What is juicefs sync
The sync subcommand of juicefs is a fully functional data synchronization utility, which can simultaneously synchronize or migrate data between all object stores supported by juicefs. It supports not only data migration between “object store” and “juicefs”, but also data migration across clouds and regions between “object store” and “object store”. Similar to Rsync, in addition to object storage, it also supports synchronizing local directories, accessing remote directories through SSH, HDFS, WebDAV, etc., and provides advanced functions such as full synchronization, incremental synchronization, conditional pattern matching, etc.
Basic Usage
Command format
juicefs sync [command options] SRC DST
ImmediatelySRC
Sync toDST
, you can synchronize both directories and files.
Of which:
SRC
Represents the address and path of the data sourceDST
Represents the destination address and path[command options]
Represents an optional synchronization option.

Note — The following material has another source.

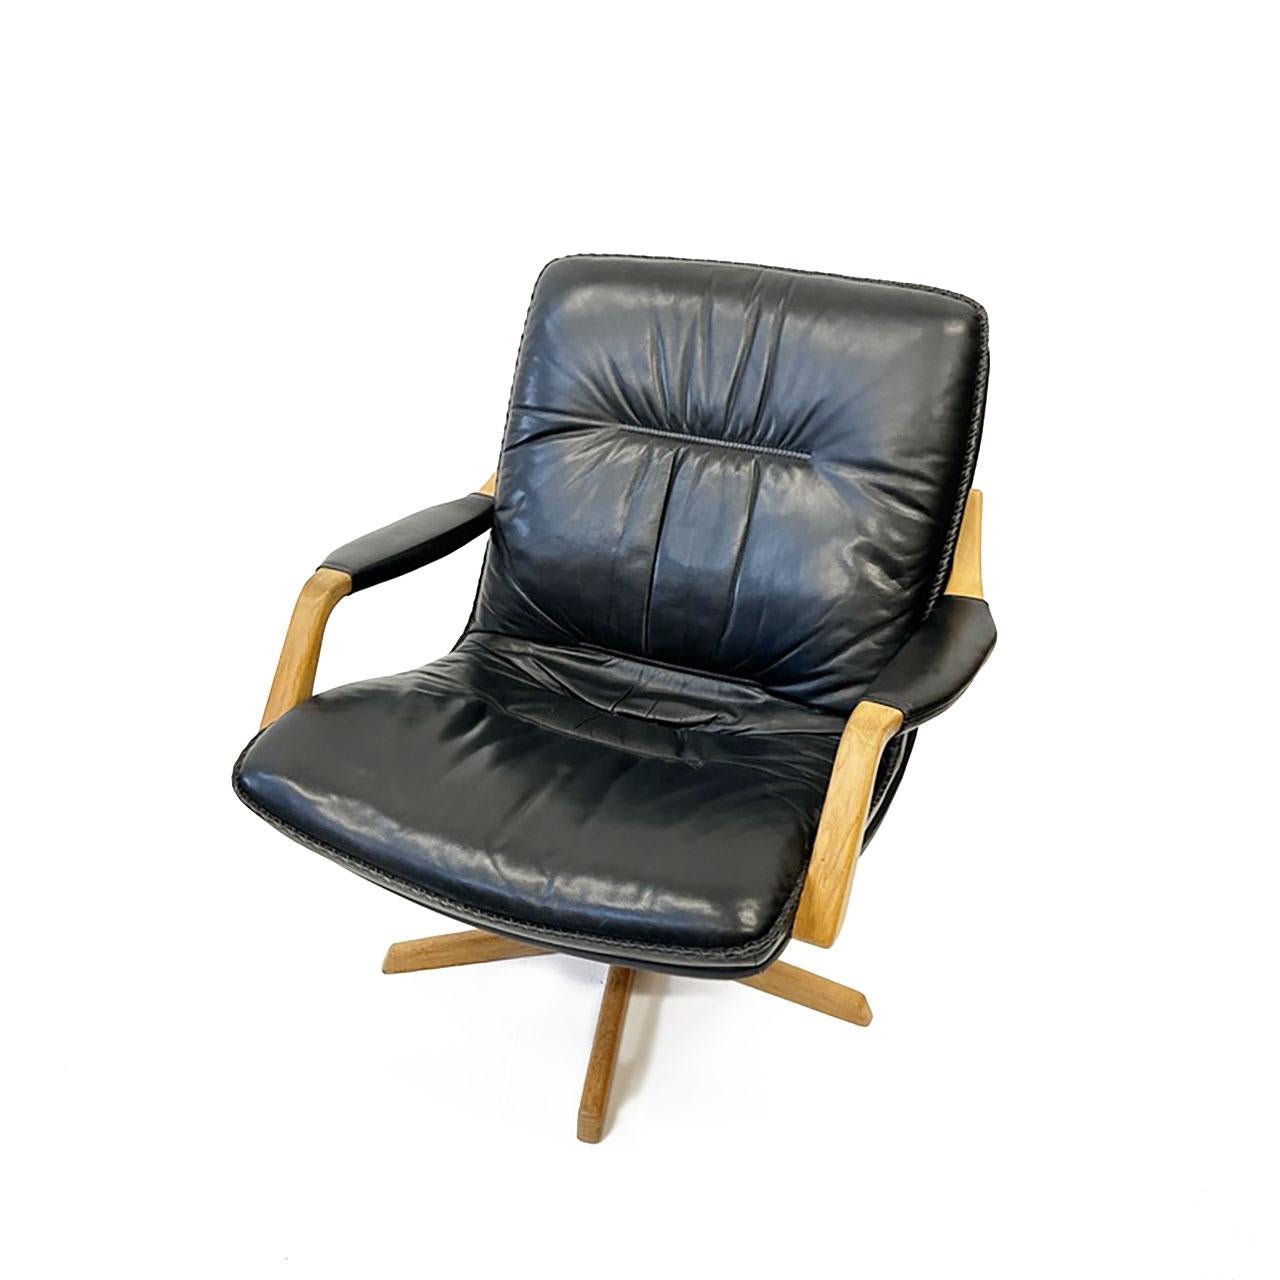 Fabriqué au Danemark par Berg Furniture dans les années 1970. Revêtement en cuir noir garni de points de chaînette, avec une belle patine naturelle. La base et les accoudoirs sont en chêne. La qualité, le design et le confort sont les principales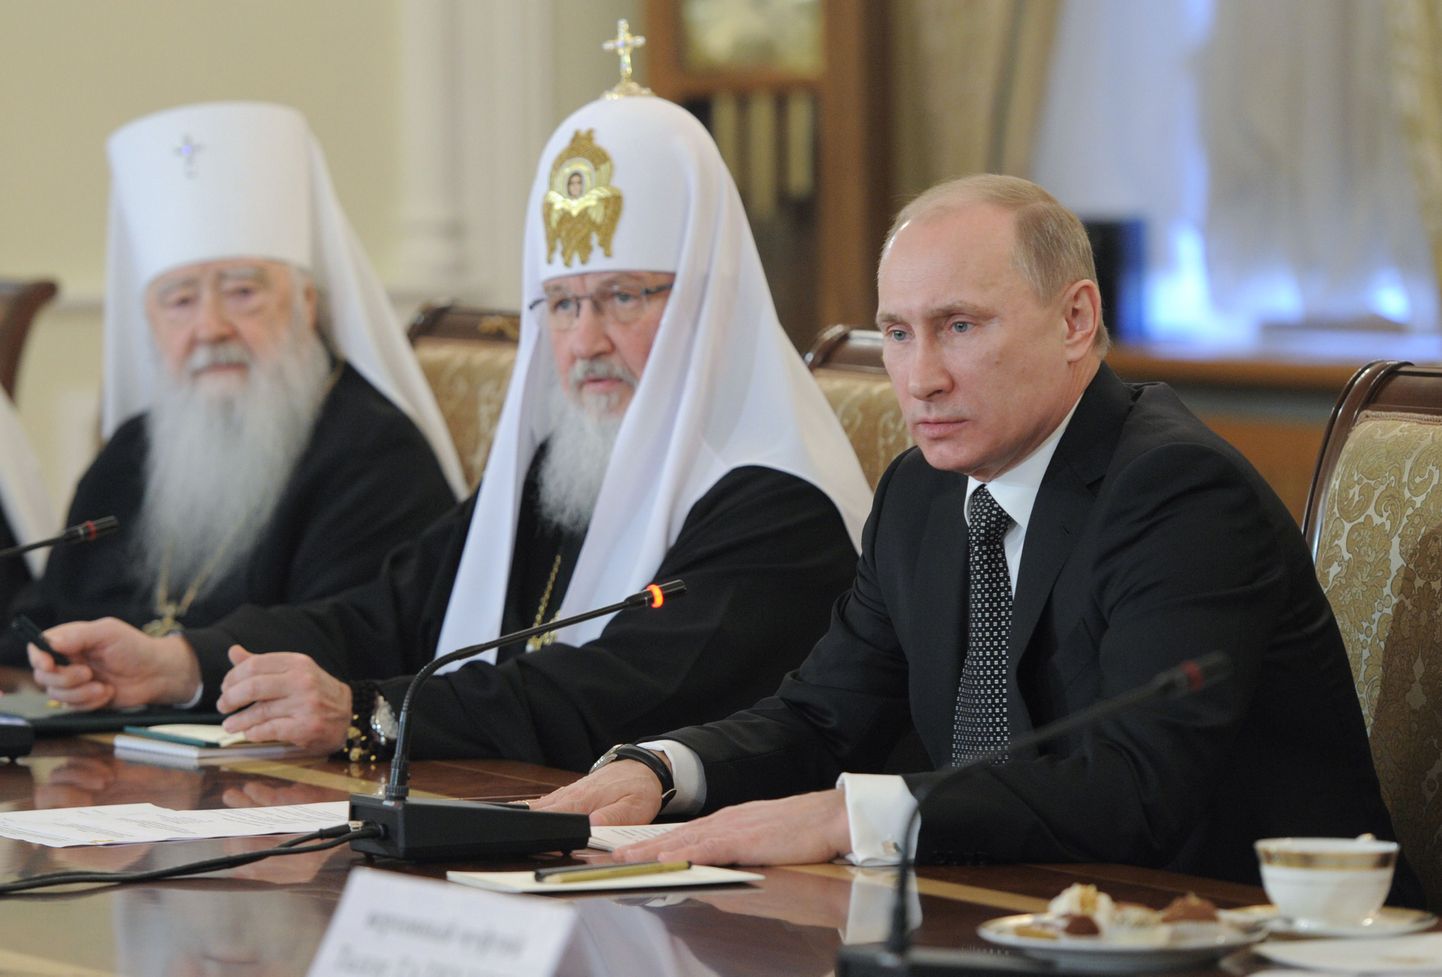 Venemaa õigeusukiriku patriarh Kirill koos Krutitsa ja Kolomna metropoliidi Juvenali ning peaminister Vladimir Putiniga. Kirilli randmelt paistab kell

See detailsCommand Reference。
Address formats are[NAME://][ACCESS_KEY:[email protected]]BUCKET[.ENDPOINT][/PREFIX]
Of which:
NAME
Is the storage type, such ass3
、oss
。 View detailsAll supported storage servicesACCESS_KEY
andSECRET_KEY
Is the API access key stored by the objectBUCKET[.ENDPOINT]
Is the access address of the object storePREFIX
Is optional and defines the prefix of the directory name to be synchronized.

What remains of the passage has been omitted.